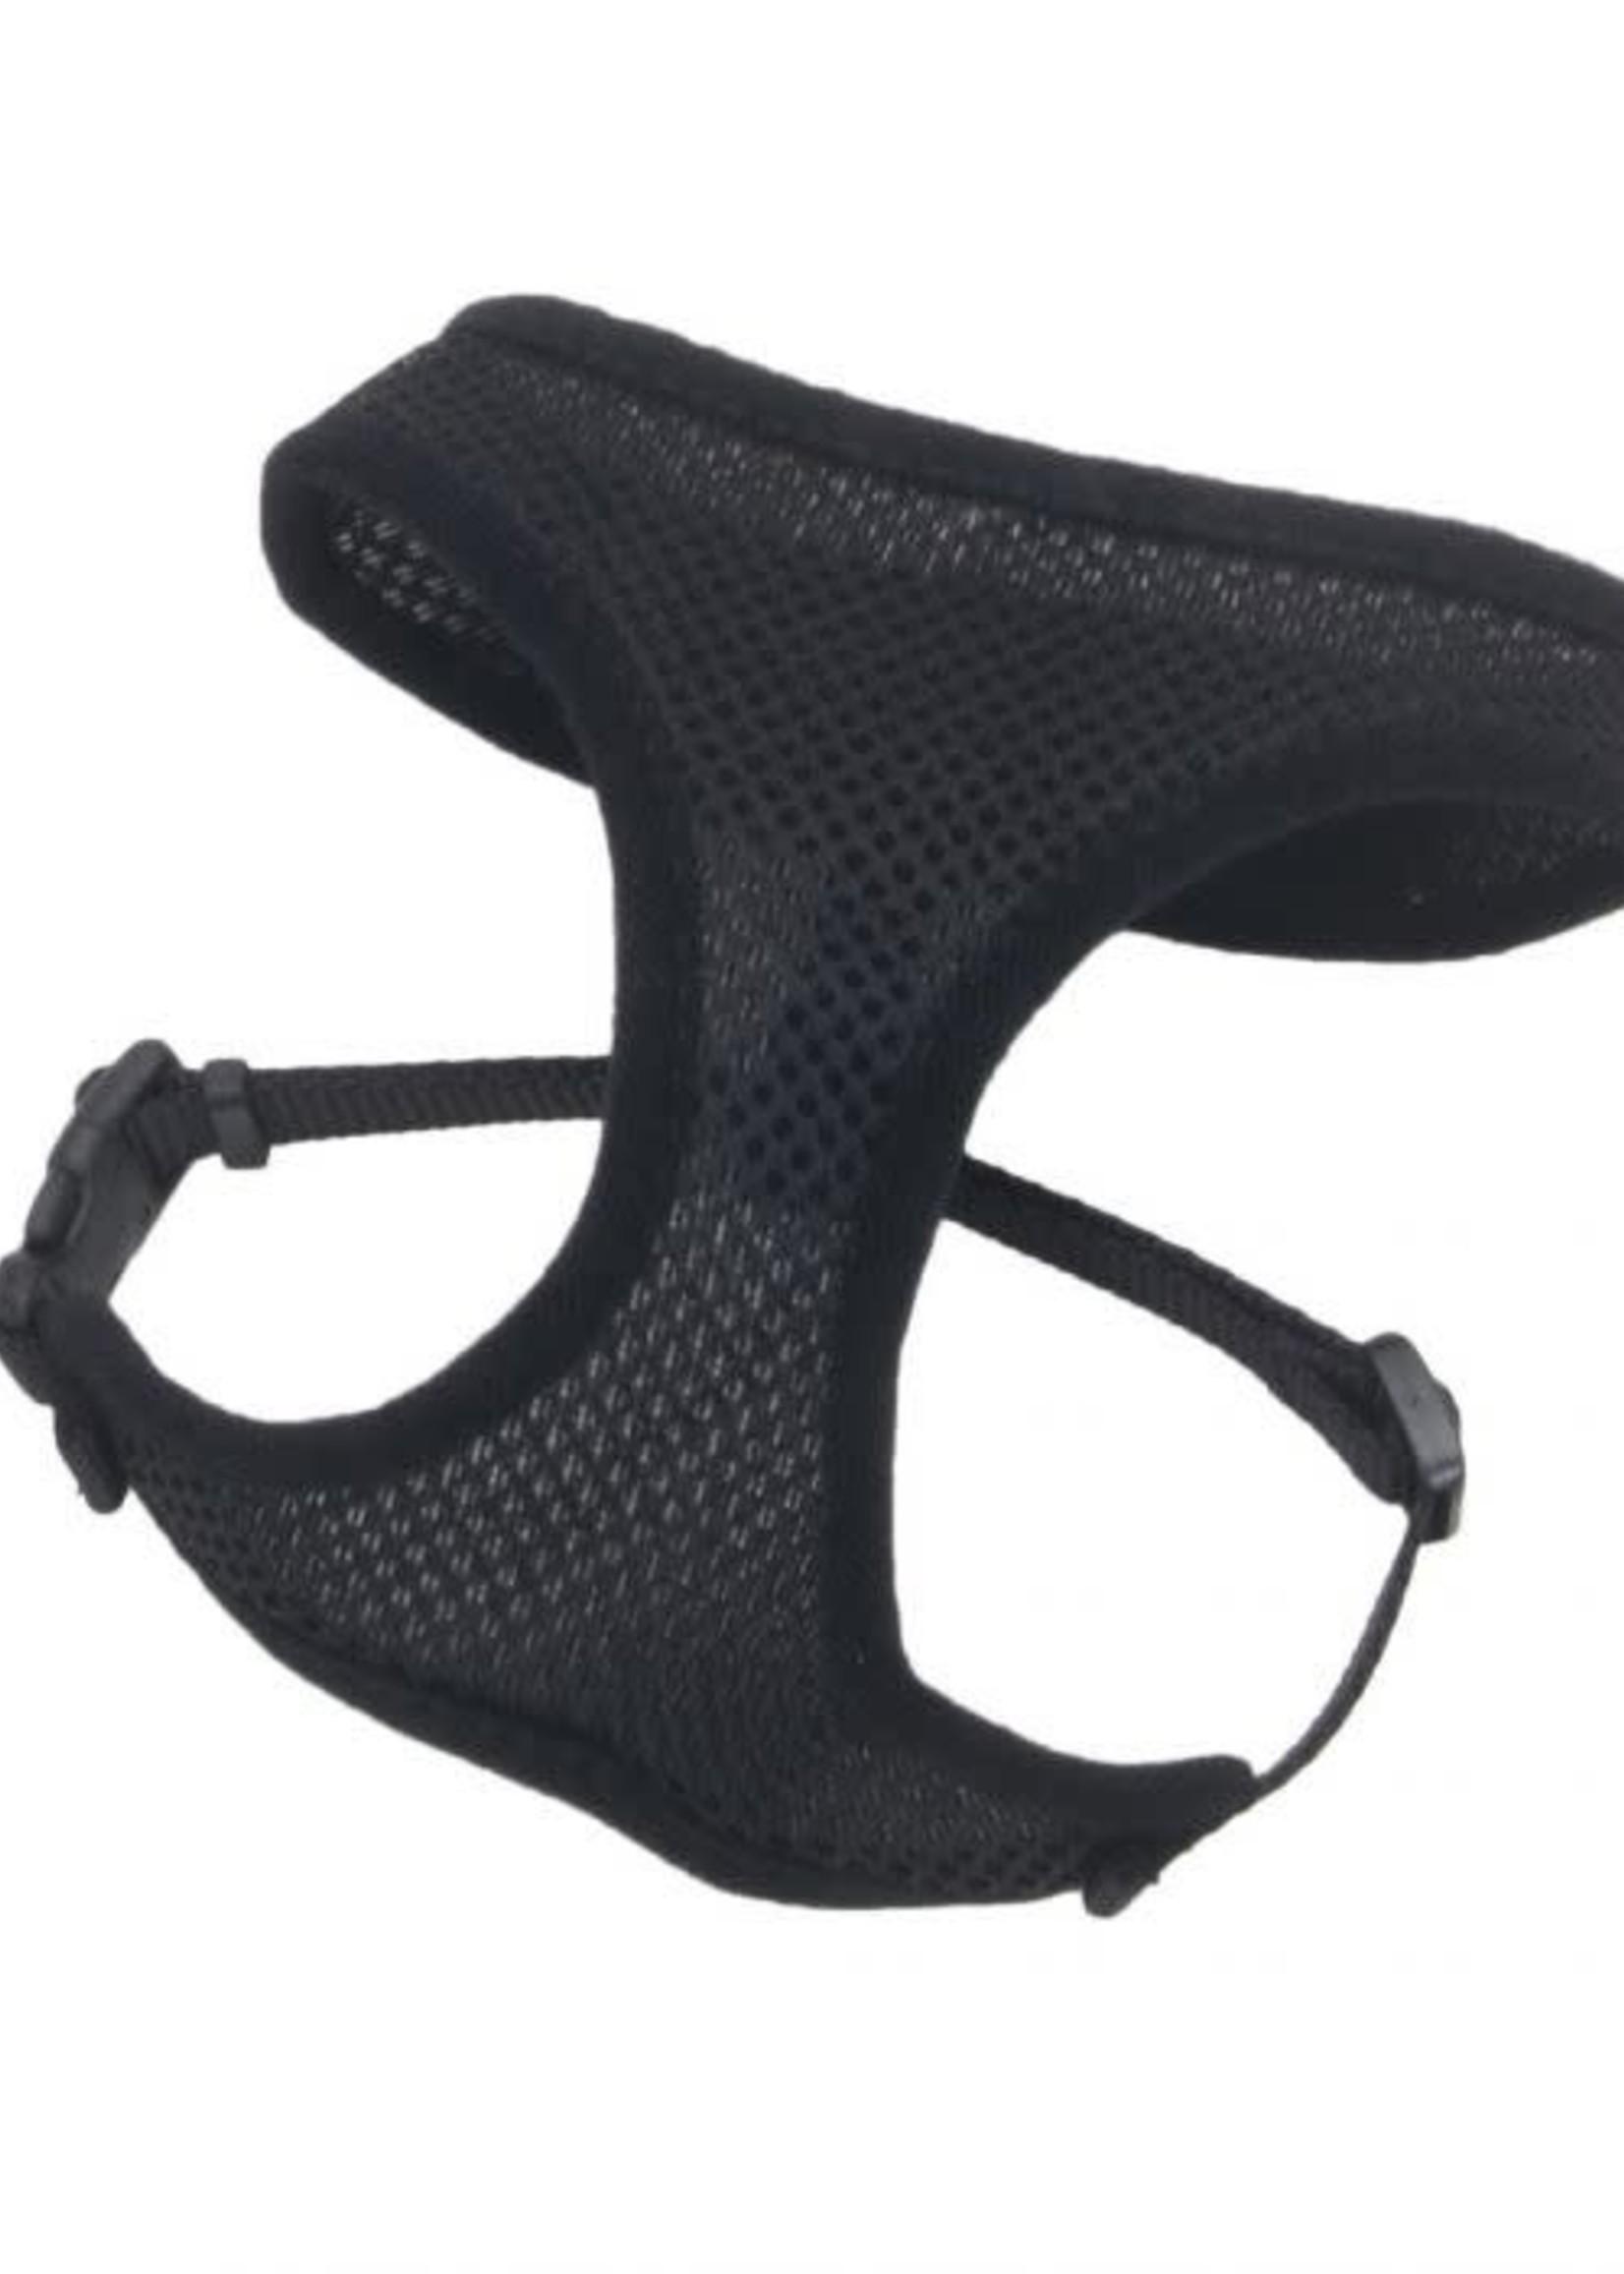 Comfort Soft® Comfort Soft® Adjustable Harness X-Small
...
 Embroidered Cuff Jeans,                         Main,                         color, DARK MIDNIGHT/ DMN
==
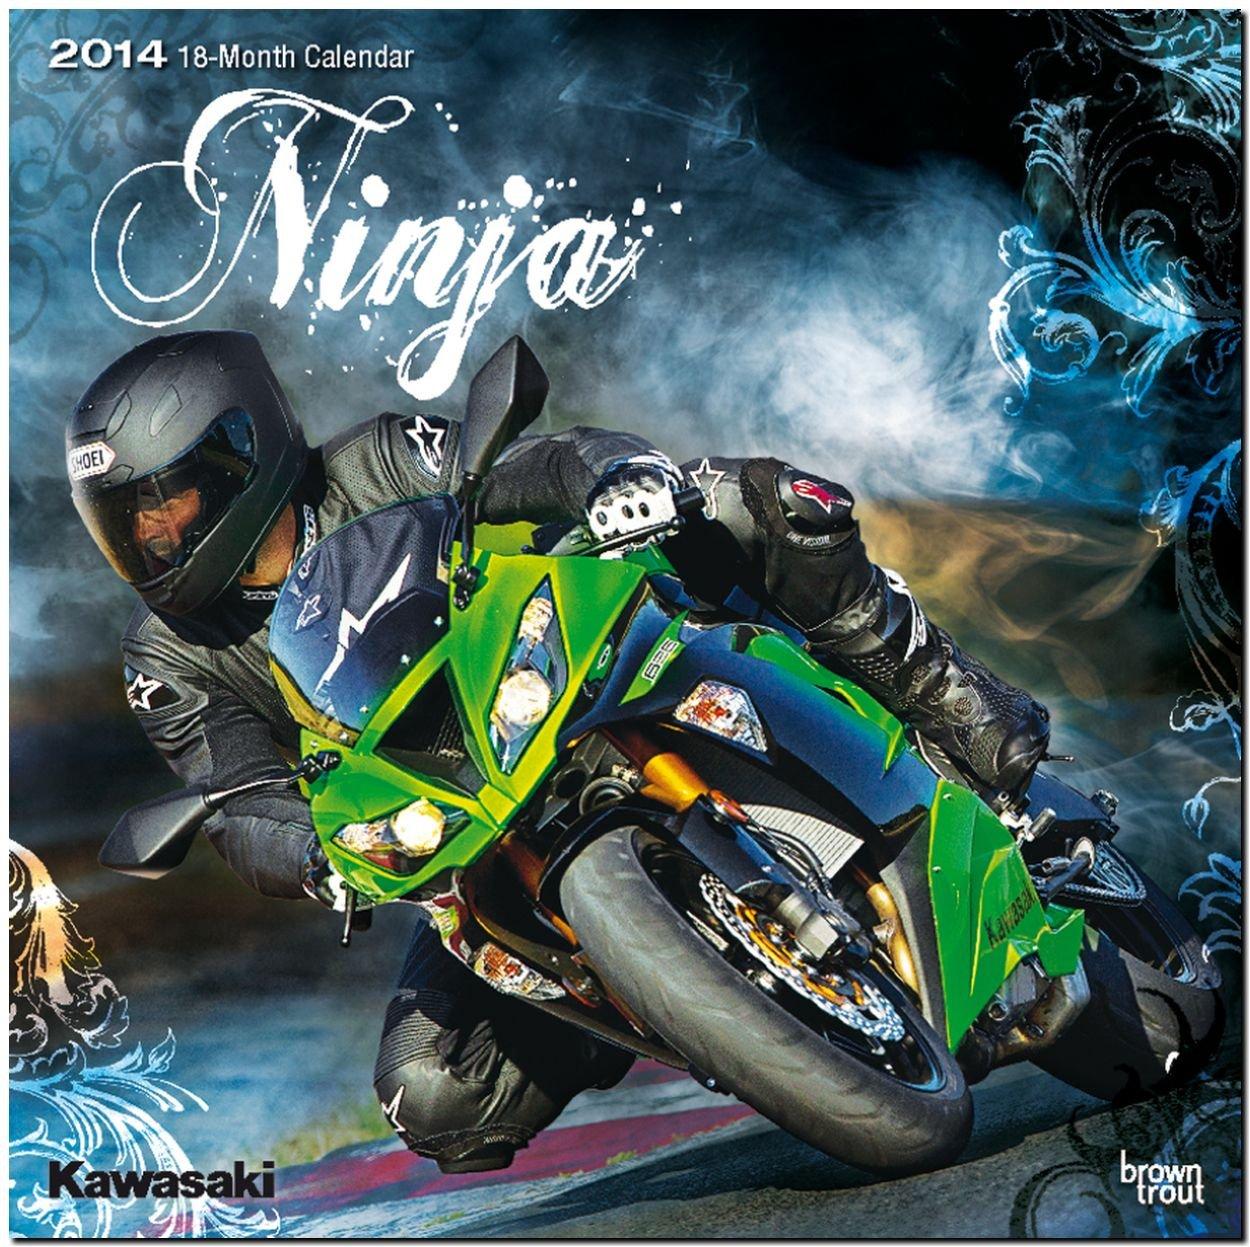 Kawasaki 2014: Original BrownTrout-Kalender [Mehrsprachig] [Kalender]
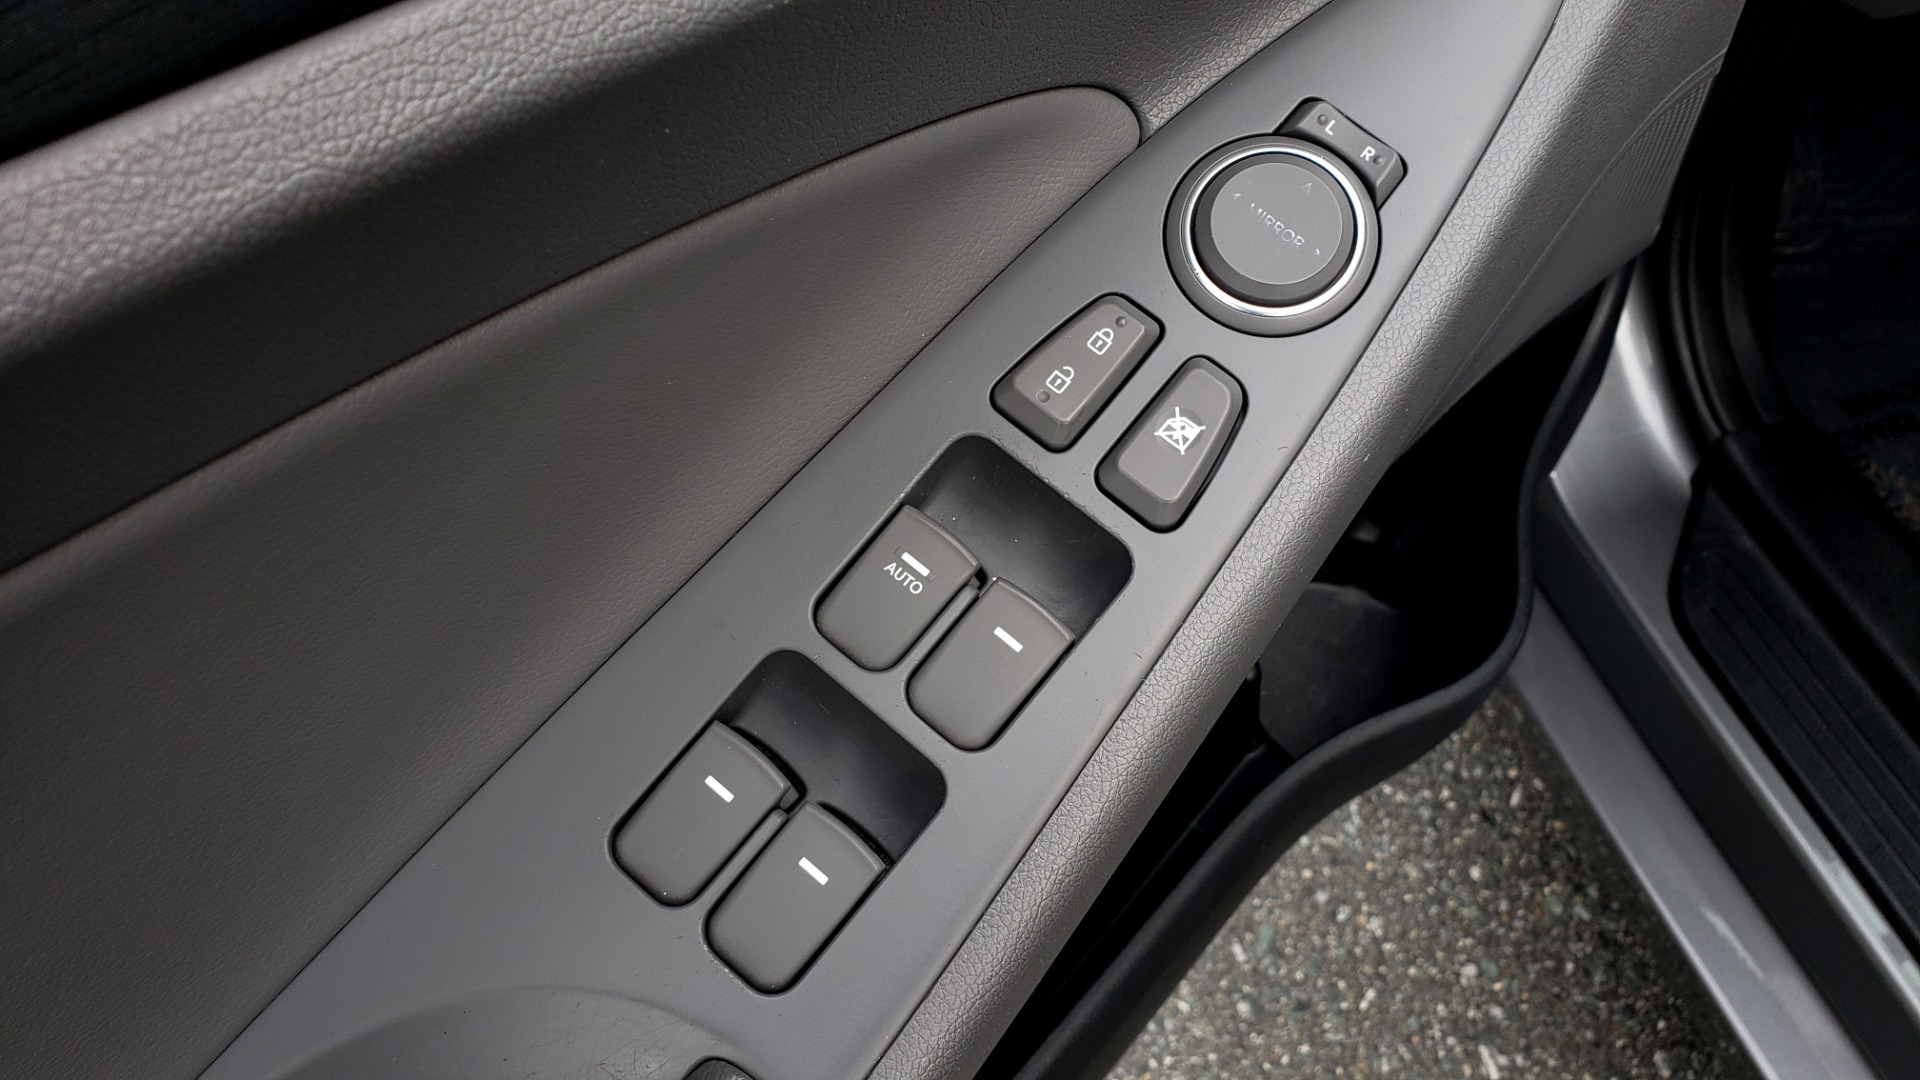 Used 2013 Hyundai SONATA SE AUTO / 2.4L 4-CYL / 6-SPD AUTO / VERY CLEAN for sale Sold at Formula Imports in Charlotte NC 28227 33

> **What to do**
Both boundary lines included, write out word for word only the lines above from the one containing "Kawasaki 2014: Original" to the one containing "Used 2013 Hyundai", leaving out any pictures.

> **Problem solution**
 Kawasaki 2014: Original BrownTrout-Kalender [Mehrsprachig] [Kalender]
 Used 2013 Hyundai SONATA SE AUTO / 2.4L 4-CYL / 6-SPD AUTO / VERY CLEAN for sale Sold at Formula Imports in Charlotte NC 28227 33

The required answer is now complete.